▸ ASSIGNMENT
Starting at the top of the listing, extract every line up to and including the one with "Microscopes. Vintage Bausch". Pictures stay out of the copy.

SOURCE DATA Start Marker

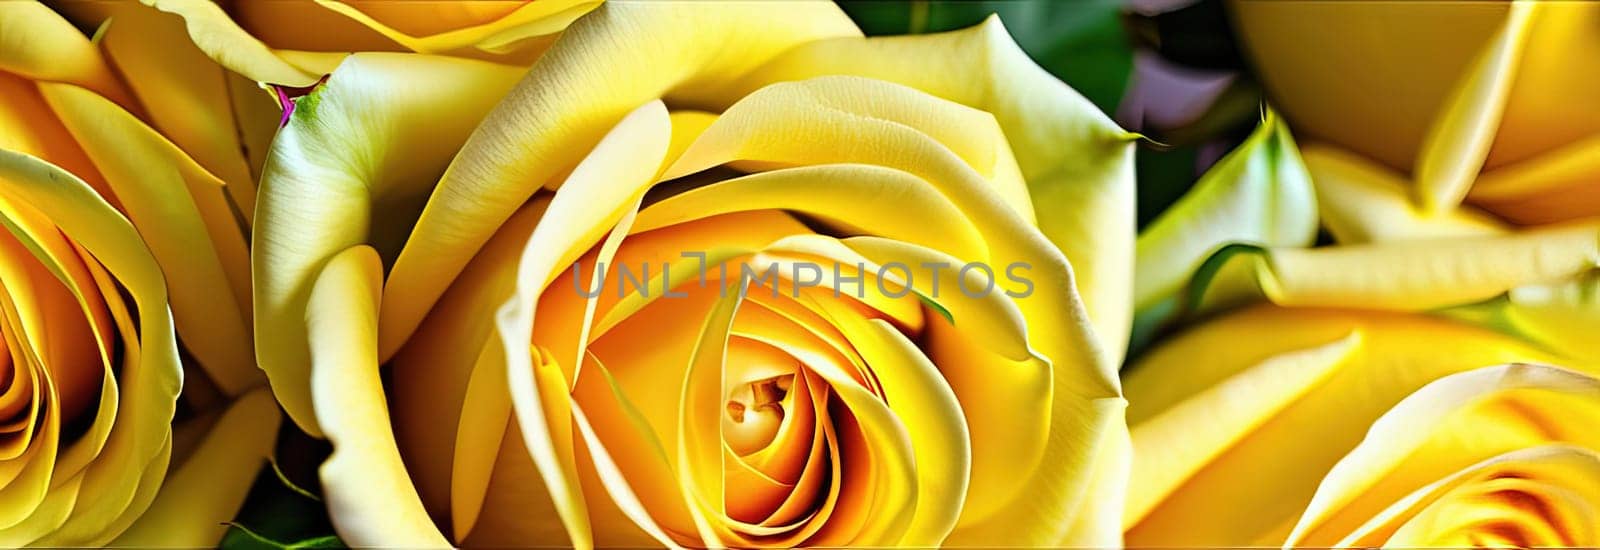 Beautiful banner with yellow roses background of Mothers, Valentine Day, Birthday, Anniversary, Wedding. Copy space. For advertisement, greeting card mockup, presentation, header, poster, website. by Angelsmoon
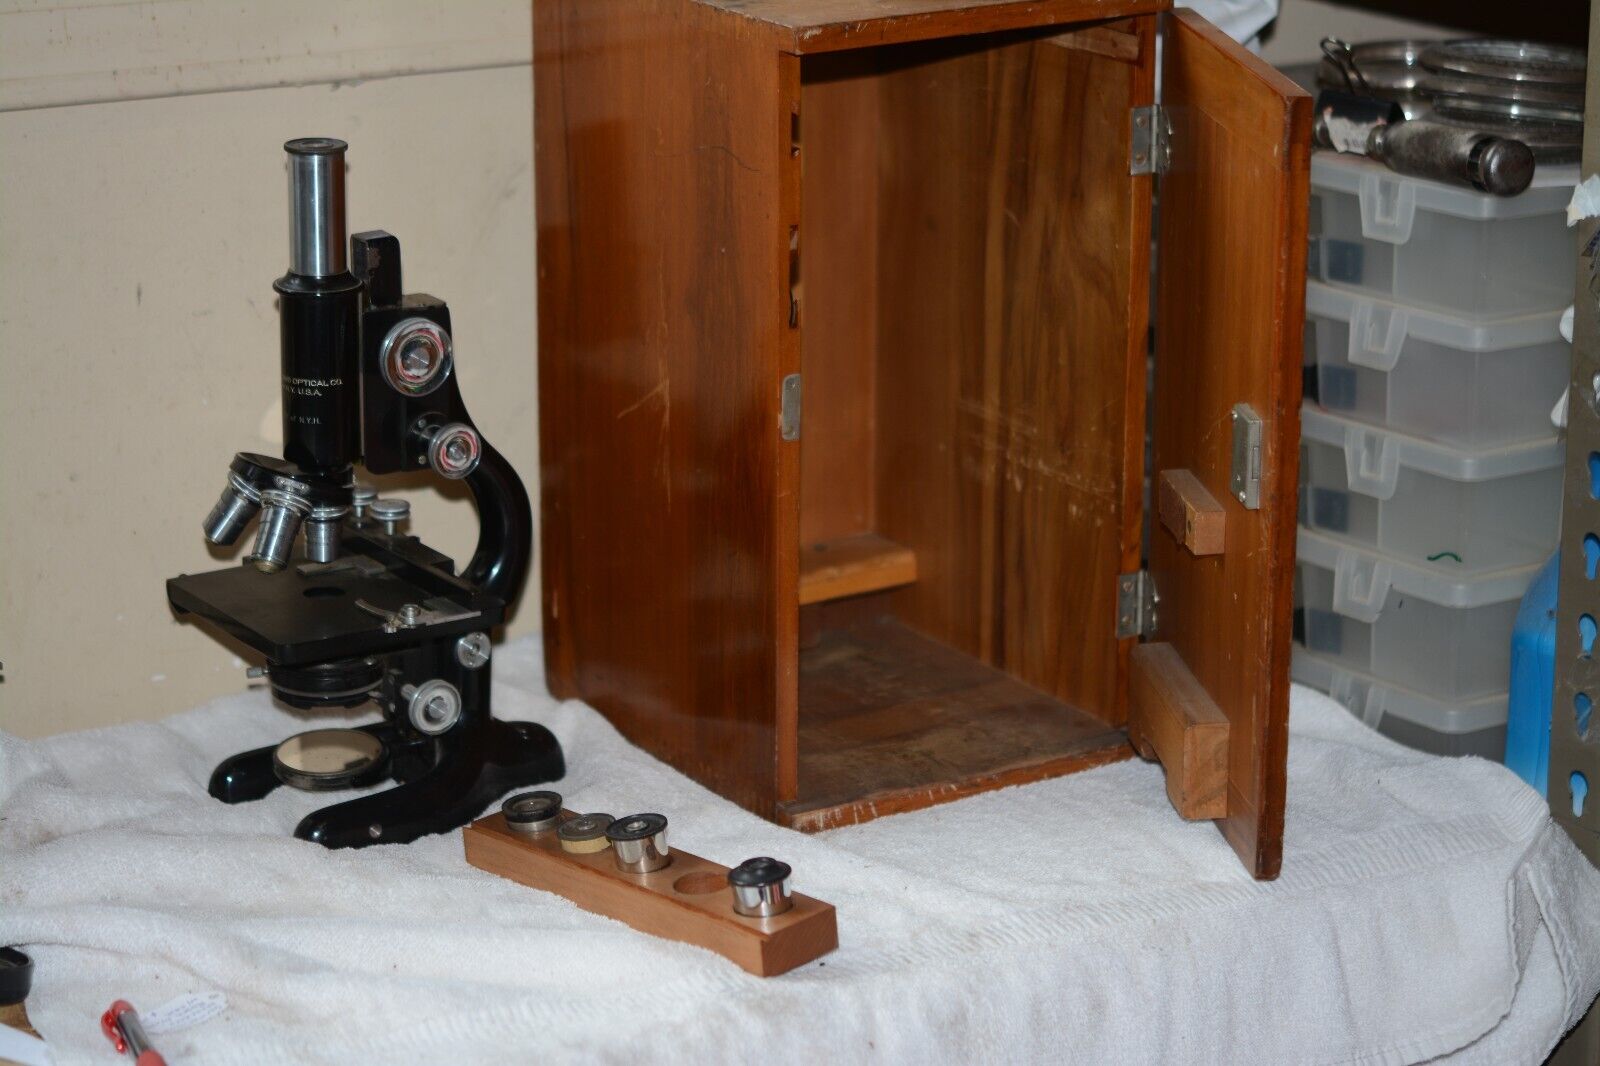 Microscopes. Vintage Bausch & Lomb Microscope W/Wooden Box and extra Lenses.
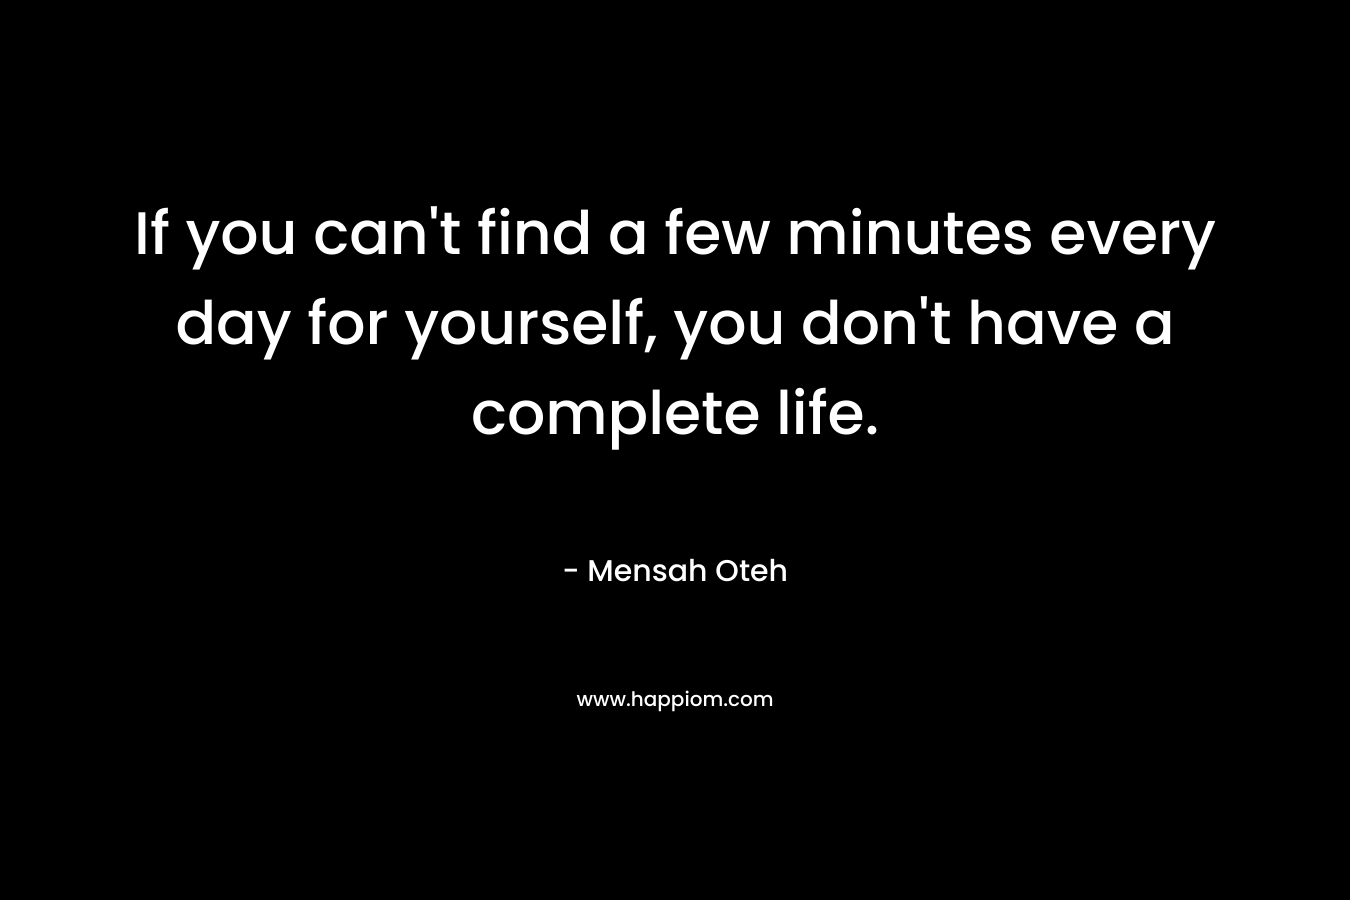 If you can’t find a few minutes every day for yourself, you don’t have a complete life. – Mensah Oteh

SOURCE DATA End Marker

▸ RESPONSE TO THIS EXERCISE
 Beautiful banner with yellow roses background of Mothers, Valentine Day, Birthday, Anniversary, Wedding. Copy space. For advertisement, greeting card mockup, presentation, header, poster, website. by Angelsmoon
 Microscopes. Vintage Bausch & Lomb Microscope W/Wooden Box and extra Lenses.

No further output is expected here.